• GOAL OF THE EXERCISE: Would you reproduce exactly, and only, the lines starting at the one with "Lesley Pyke Glass" and ending at the last line of the data, with both included? Leave the pictures out.

*** Opening COLLECTED DATA ***

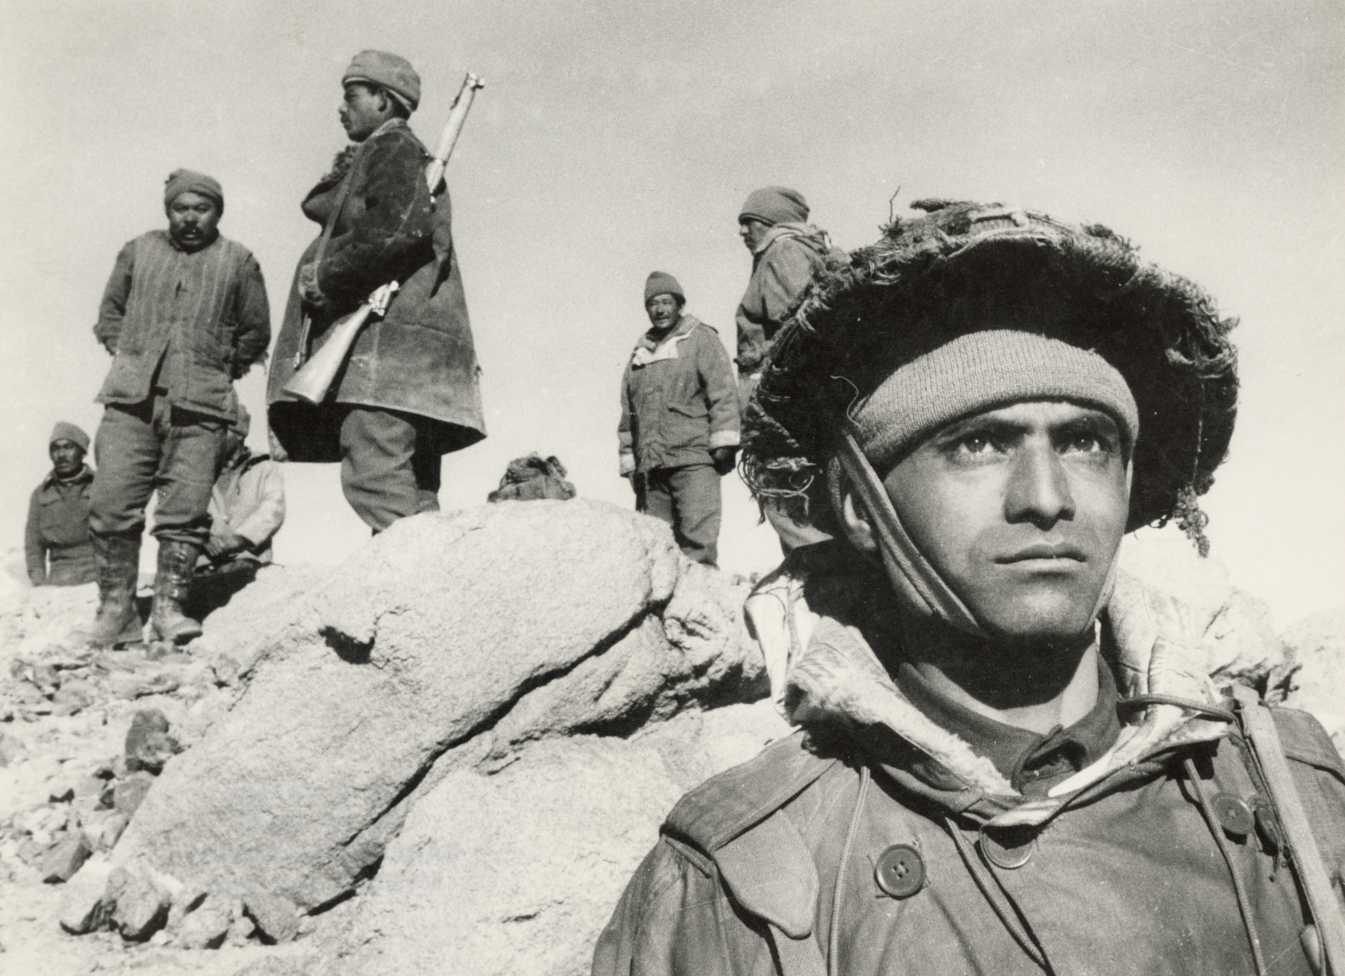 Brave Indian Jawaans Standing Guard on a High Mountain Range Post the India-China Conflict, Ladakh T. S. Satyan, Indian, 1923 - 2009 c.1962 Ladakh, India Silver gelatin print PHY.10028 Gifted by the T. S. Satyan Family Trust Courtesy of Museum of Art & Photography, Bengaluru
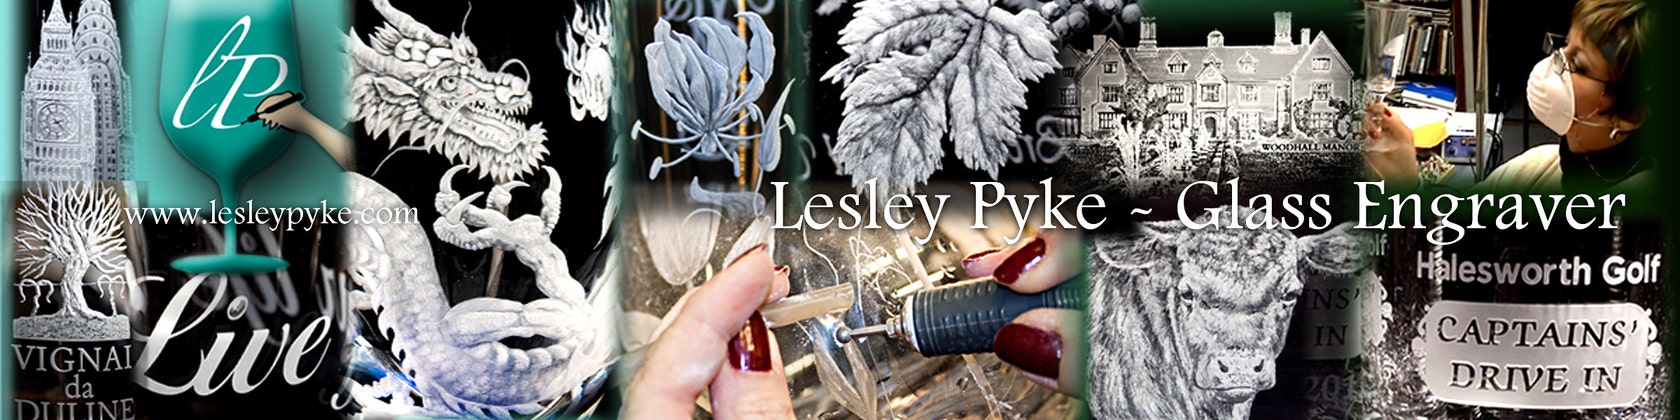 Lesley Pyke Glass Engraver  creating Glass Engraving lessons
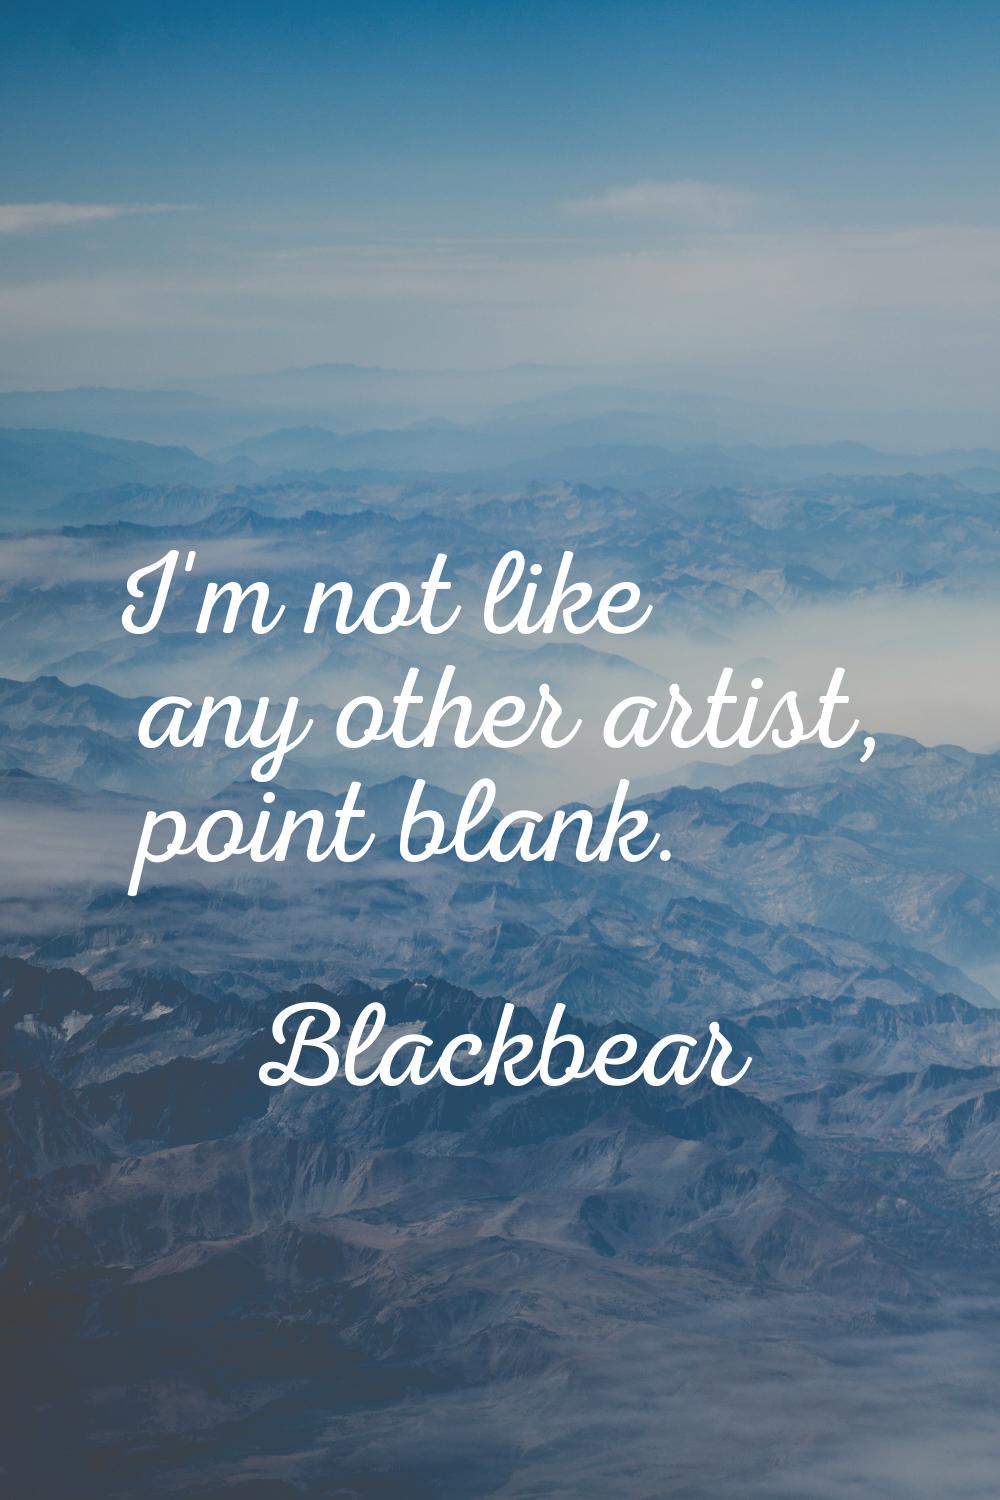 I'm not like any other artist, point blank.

*** Closing COLLECTED DATA ***

• RESULT:
 Lesley Pyke Glass Engraver  creating Glass Engraving lessons
 I'm not like any other artist, point blank.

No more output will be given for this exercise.